Tencent Weibo Exits Arena After a Decade of Battle Against Sina Weibo

Tencent on Sept. 4 announced to officially terminate the service and operation of its microblogging website Tencent Weibo at 11:59 pm on Sept. 28, Beijing local time, marking the end of the decade-long battle between Sina Weibo and Tencent Weibo.

The announcement was issued on Tencent Weibo’s official website, stating that “due to business adjustments, services and operations will be suspended at 23:59 on Sept. 28, 2020. You (Users) will not be able to log in afterwards. You (Users) can back up relevant information before the shut down if necessary.”

Launched in April 2010 and backed by Internet giant Tencent, Tencent Weibo became a strong rival against Sina Weibo, which was developed by Sina Corporation months earlier in August 2009.

On May 1, 2010, Tencent began to invite users to register their Weibo account.

Then on Nov. 11 in the following year, Liu Chiping, president of Tencent, revealed that Tencent Weibo grew rapidly in the third quarter of 2011.

As of Sept. 30 that year, its number of registered users exceeded 310 million, achieving an increase of more than 70 million from the end of June.
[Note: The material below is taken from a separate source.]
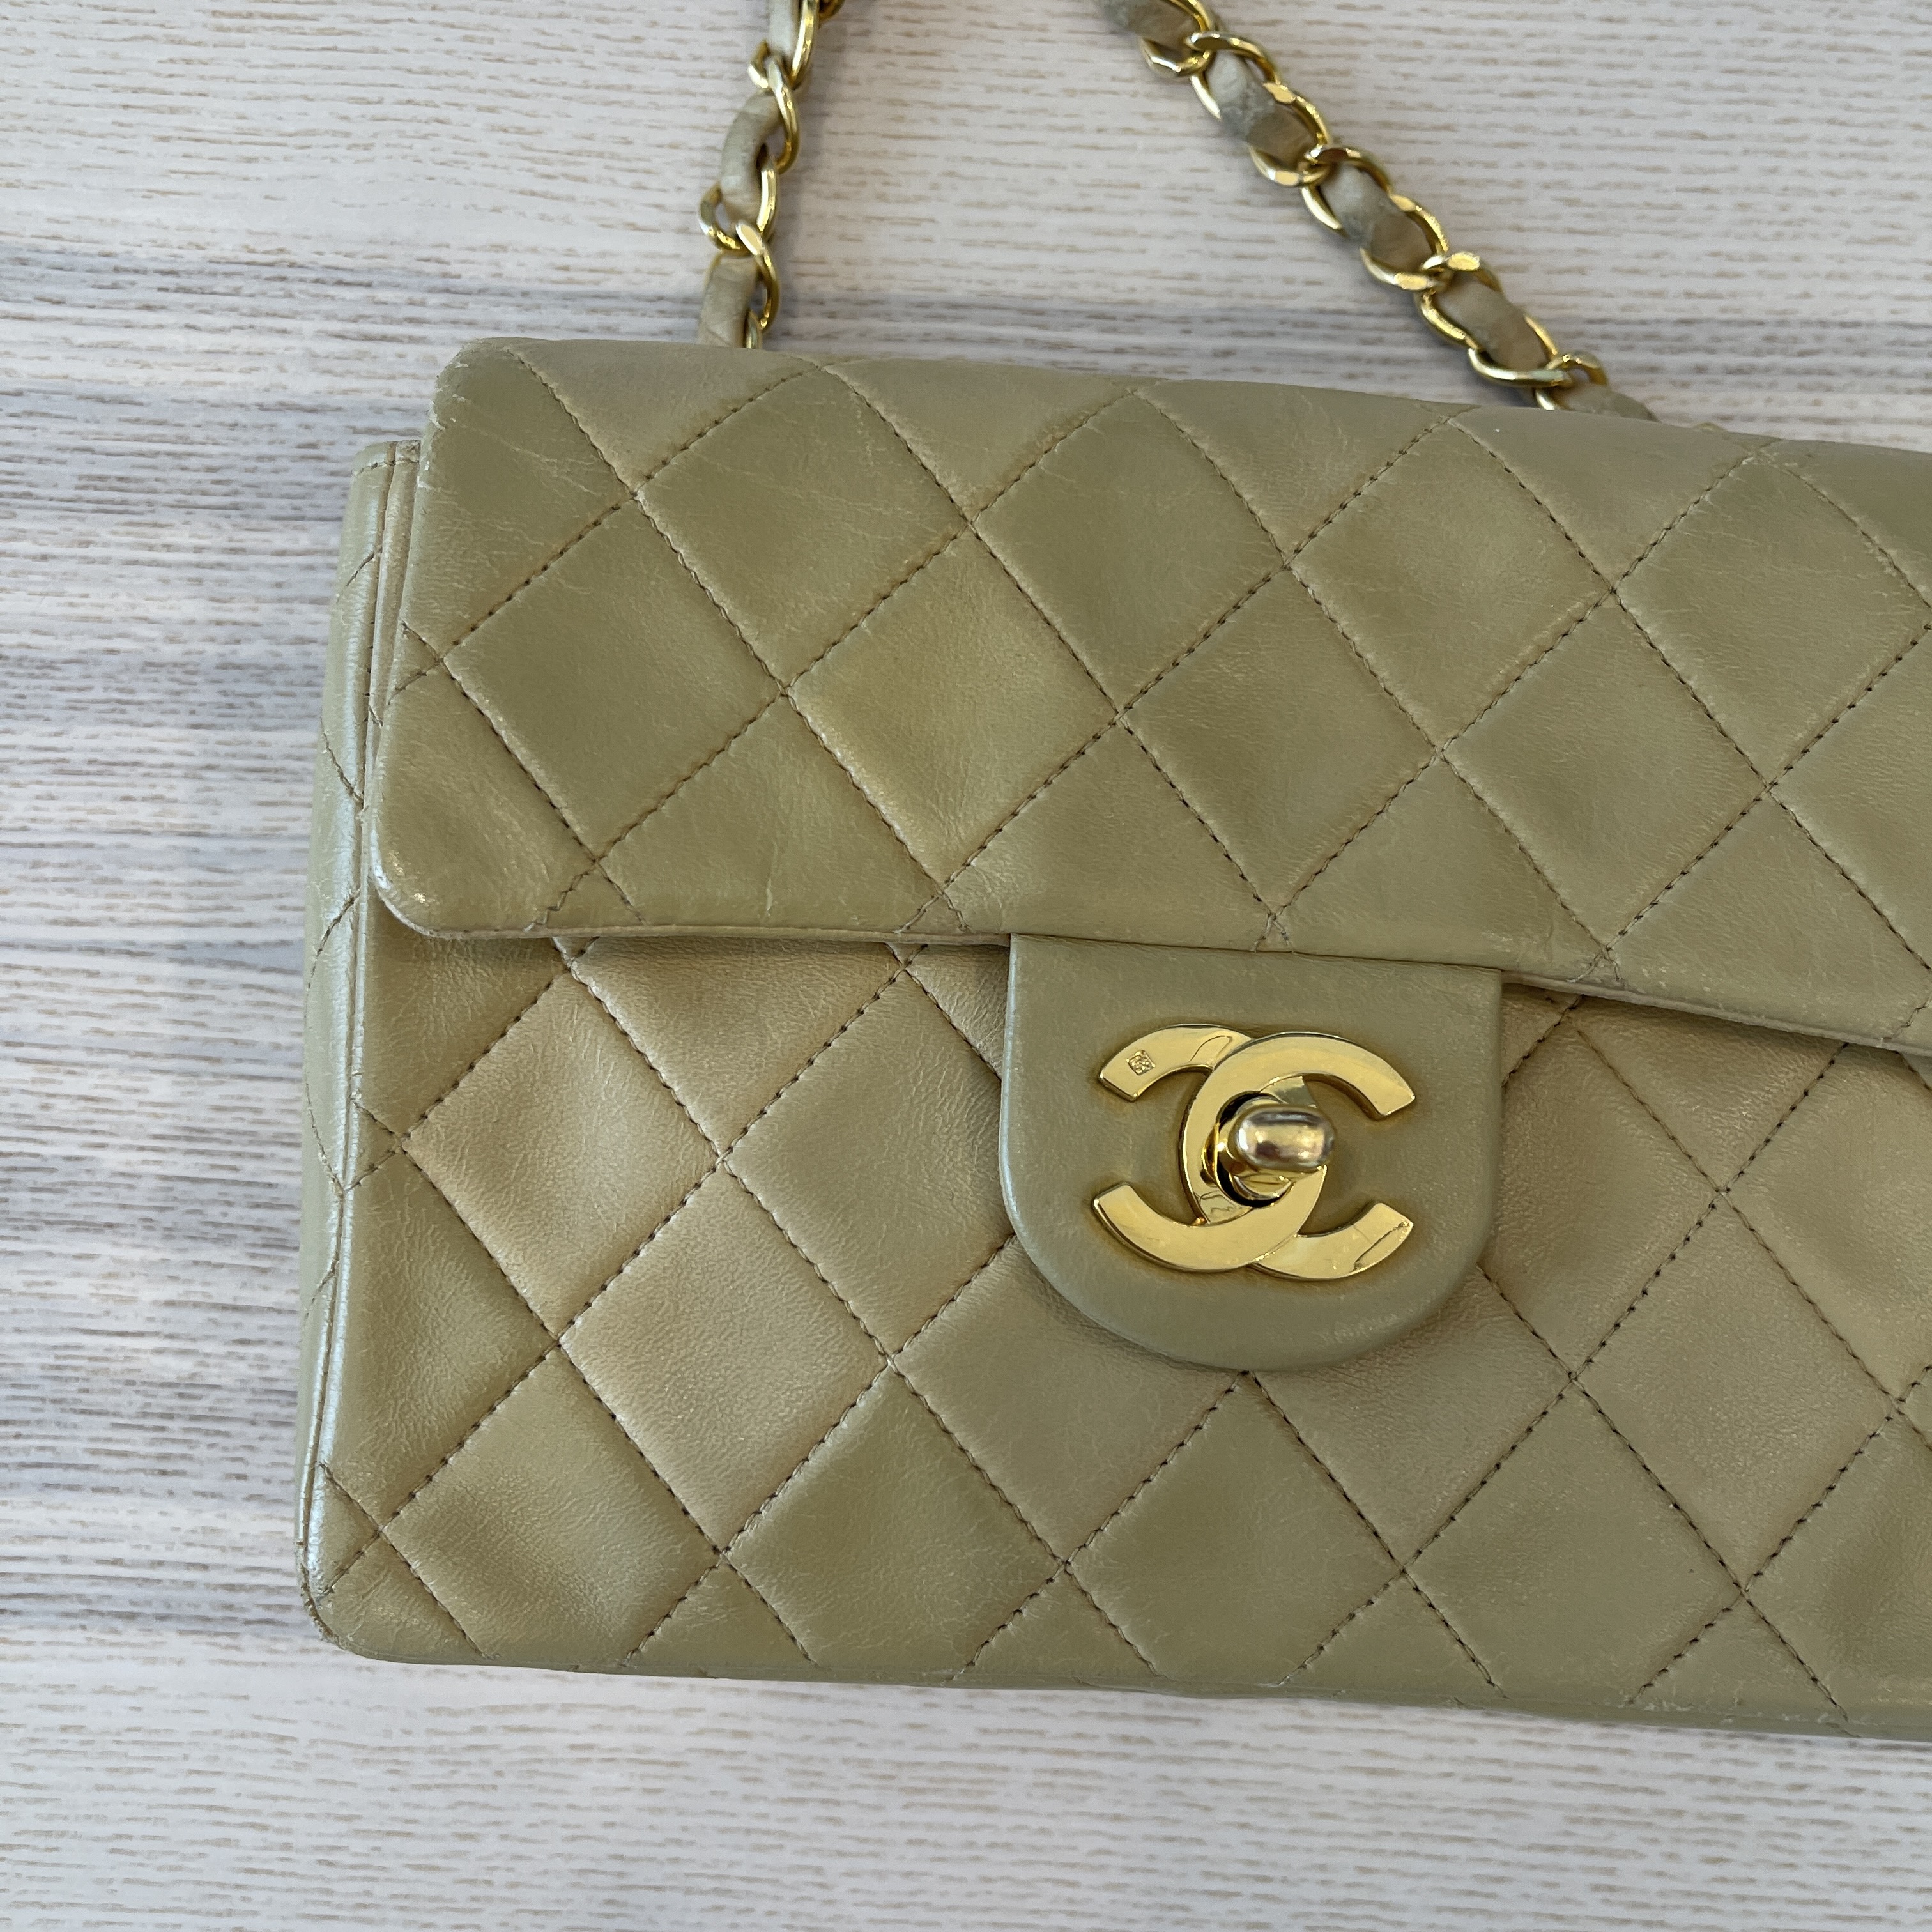 Chanel Beige Quilted Lambskin Leather Classic Square Mini Flap Bag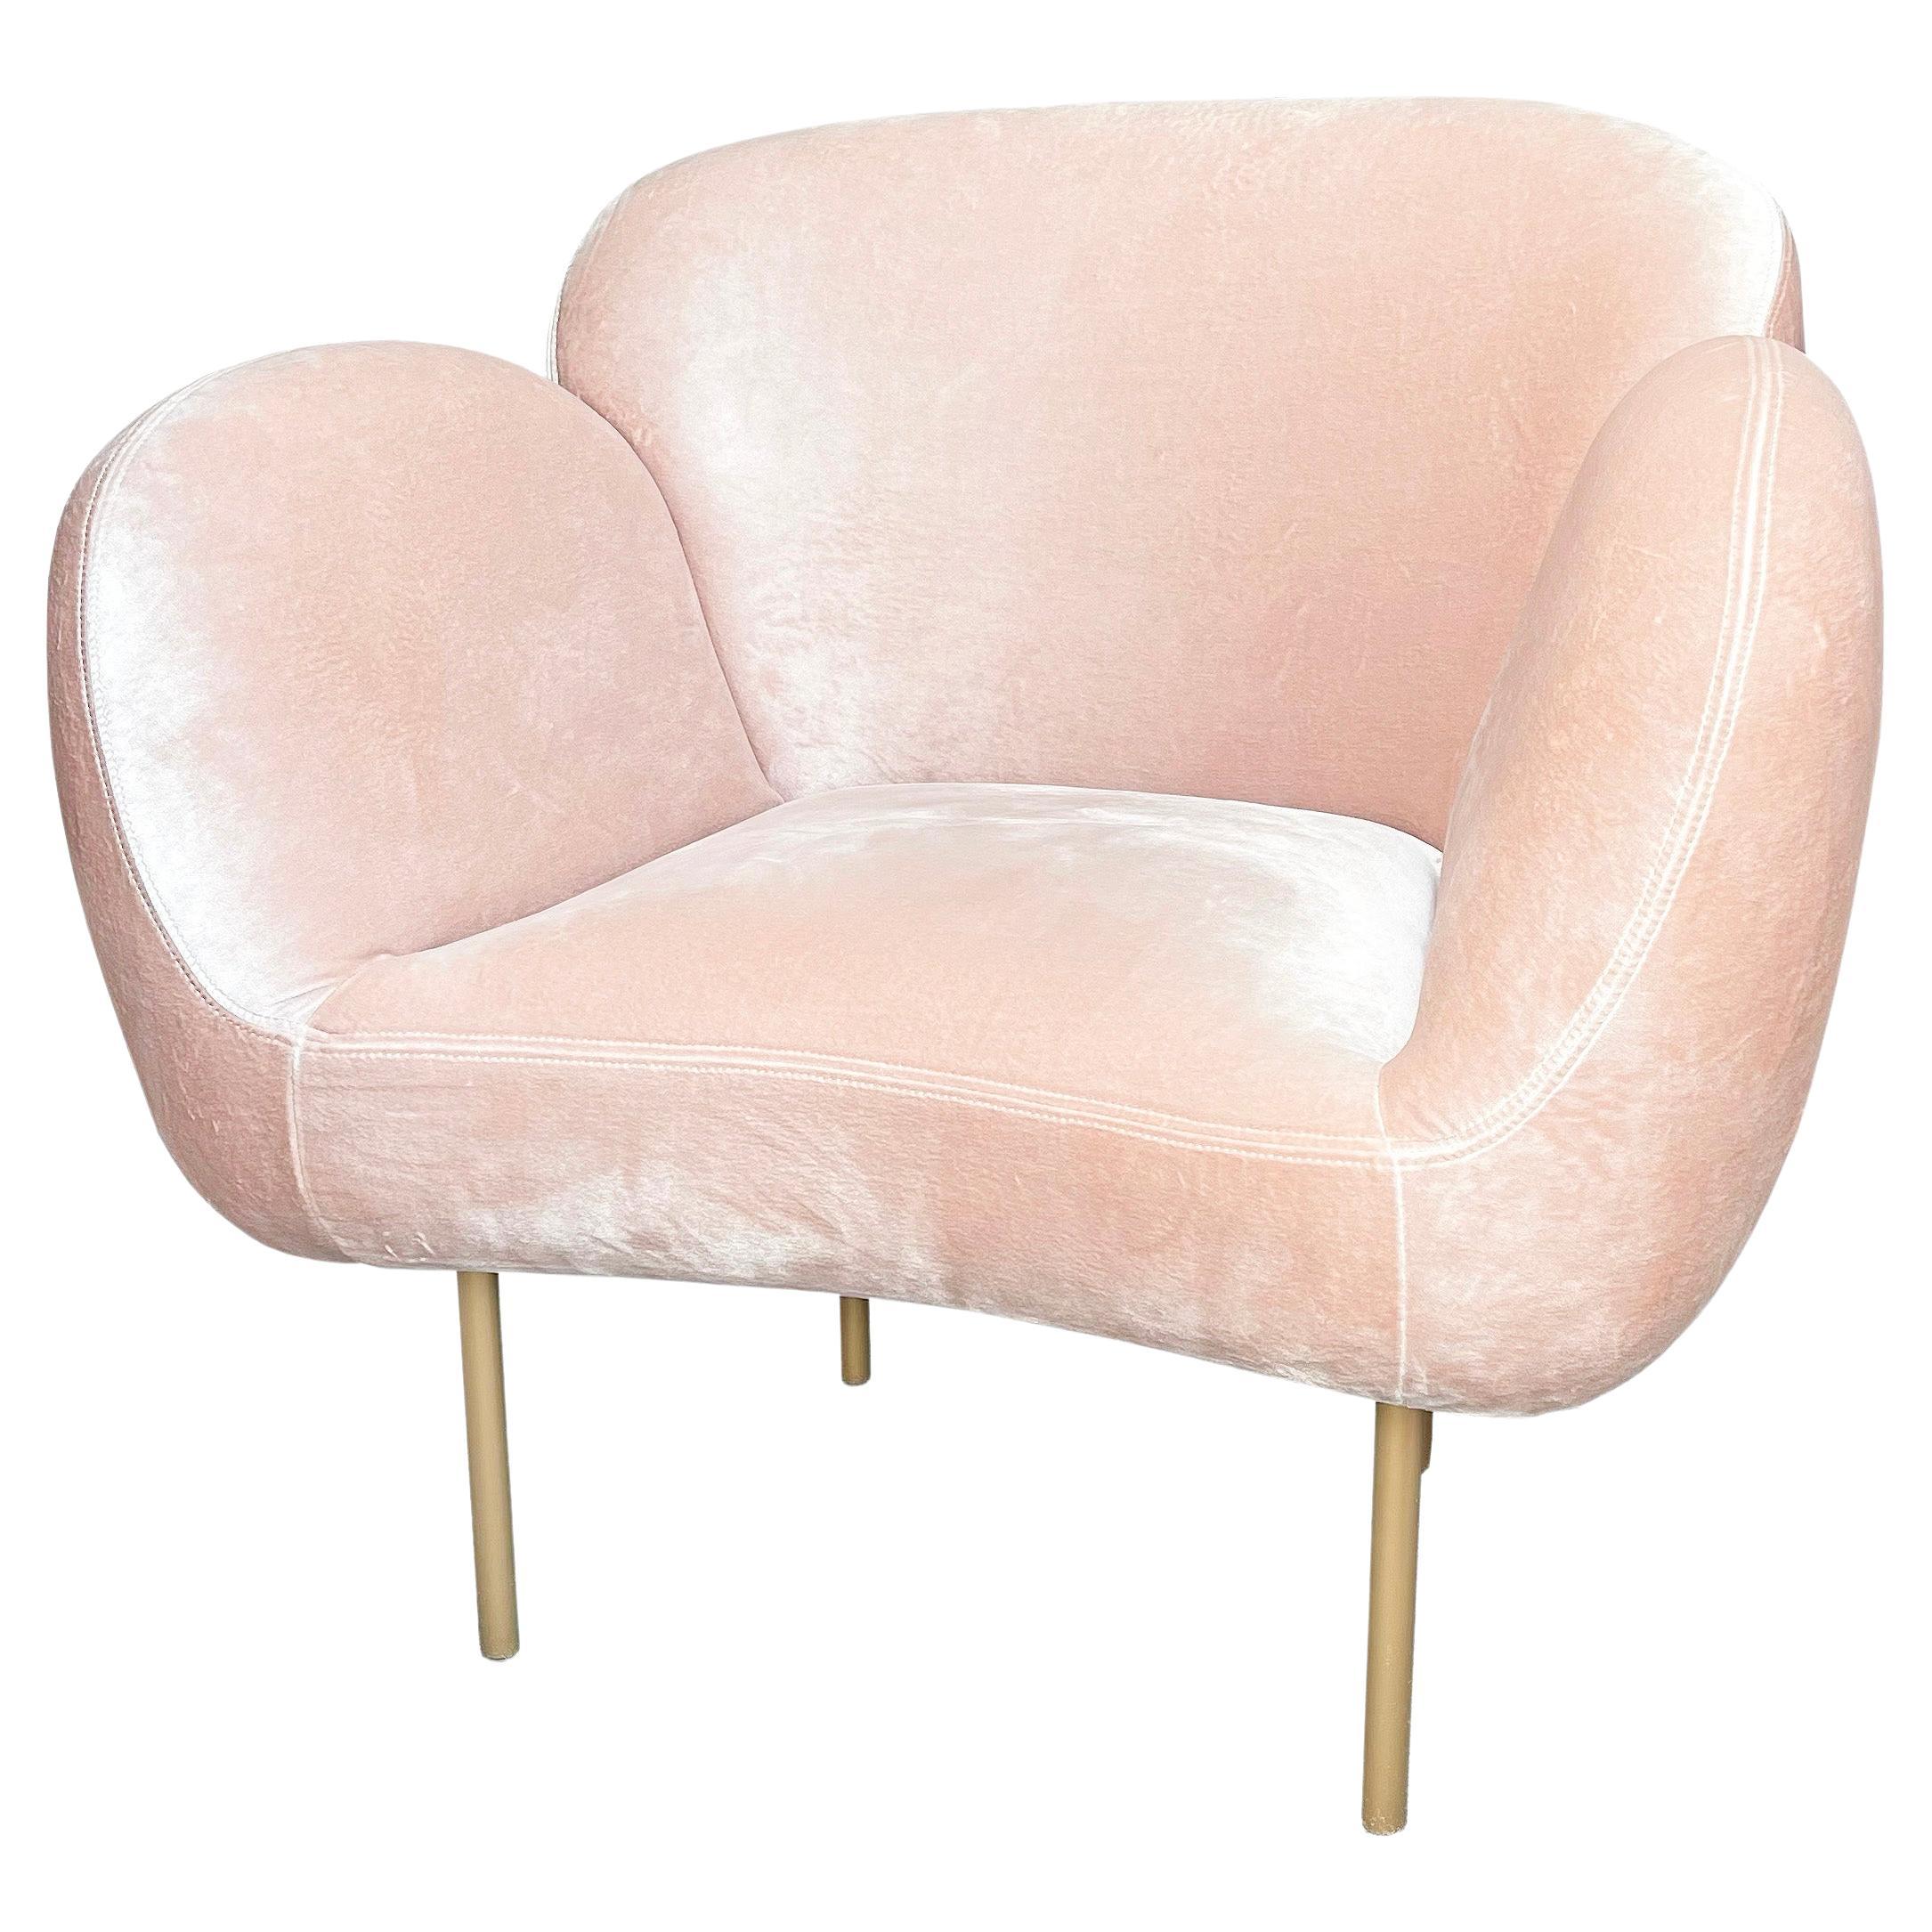 Contemporary Pink Suede Upholstered Armchair, Stardust Armchair by Nika Zupanc

Meanwhile, the number of daily active users (DAUs) surpassed 50 million.

While Tencent Weibo was celebrating its swift growth in DAUs and registered users, Sina Weibo announced that its number of registered users reached 250 million and had twice the number of active users as Tencent, with the goal to add more social network functions and raise user loyalty.

Two invisible parties, Qzone and WeChat, also participated in the battle, namely between Sina Weibo and Tencent Weibo, accelerating the defeat of Tencent Weibo.

The purpose of Tencent Weibo was to reach more users that Tencent QQ, an instant messaging application also known as QQ, failed to touch upon.

The truth, however, went in the opposite direction.

“I started to use it in 2011 when I was in middle school,” Mengyao Chen, a then loyal user of Tencent Weibo and now a post graduate student from Nanjing said.

As an ardent user of QQ, Mengyao loved sharing her everyday life on both QQ’s Qzone and Tencent Weibo. “The default sharing option bound Tencent Weibo and Qzone so that the same content could be synced on both platforms,” she said.

However, she mentioned that she and her friends interacted with each other over the same posts less on Tencent Weibo while more than on Qzone.

Developed and released in 2005, Qzone still exists as an active social networking website, outliving Tencent Weibo with its wider popularity among users.

WeChat was yet another factor that caused problems for Tencent Weibo.

The multi-purpose messaging, social media and mobile payment app WeChat was also developed by parent company Tencent 9 years ago but gradually went viral as functions like WeChat pay developed in 2013.

As WeChat rose to become China’s “super app”, a large cohort of users shifted to WeChat and start posting text, photos and videos on “WeChat Moments.”

Then in 2014, Sina Corporation announced a spinoff of Weibo as an independent entity and filed an IPO and Sina Weibo (NASDAQ: WB) began pubic trading in April 2014.

SEE ALSO: Weibo-owner Sina Gets $41 per Share Bid from CEO-controlled company New Wave

Other than Tencent Weibo, other microblogging websites in China also chose to exit the market as Sina grew stronger.

In November 2014, users could only browse existing content on Sohu Weibo but could not post new content on the website.

In the same month, Netease Weibo announced that it officially shut down and encouraged users to transfer to LOFTER, its light blog brand.

The news of Tencent Weibo shutting down became a trending topic on Sina Weibo with the hashtag #Tencent Weibo Shut Down Operation on Sept. 28# on Sept. 5.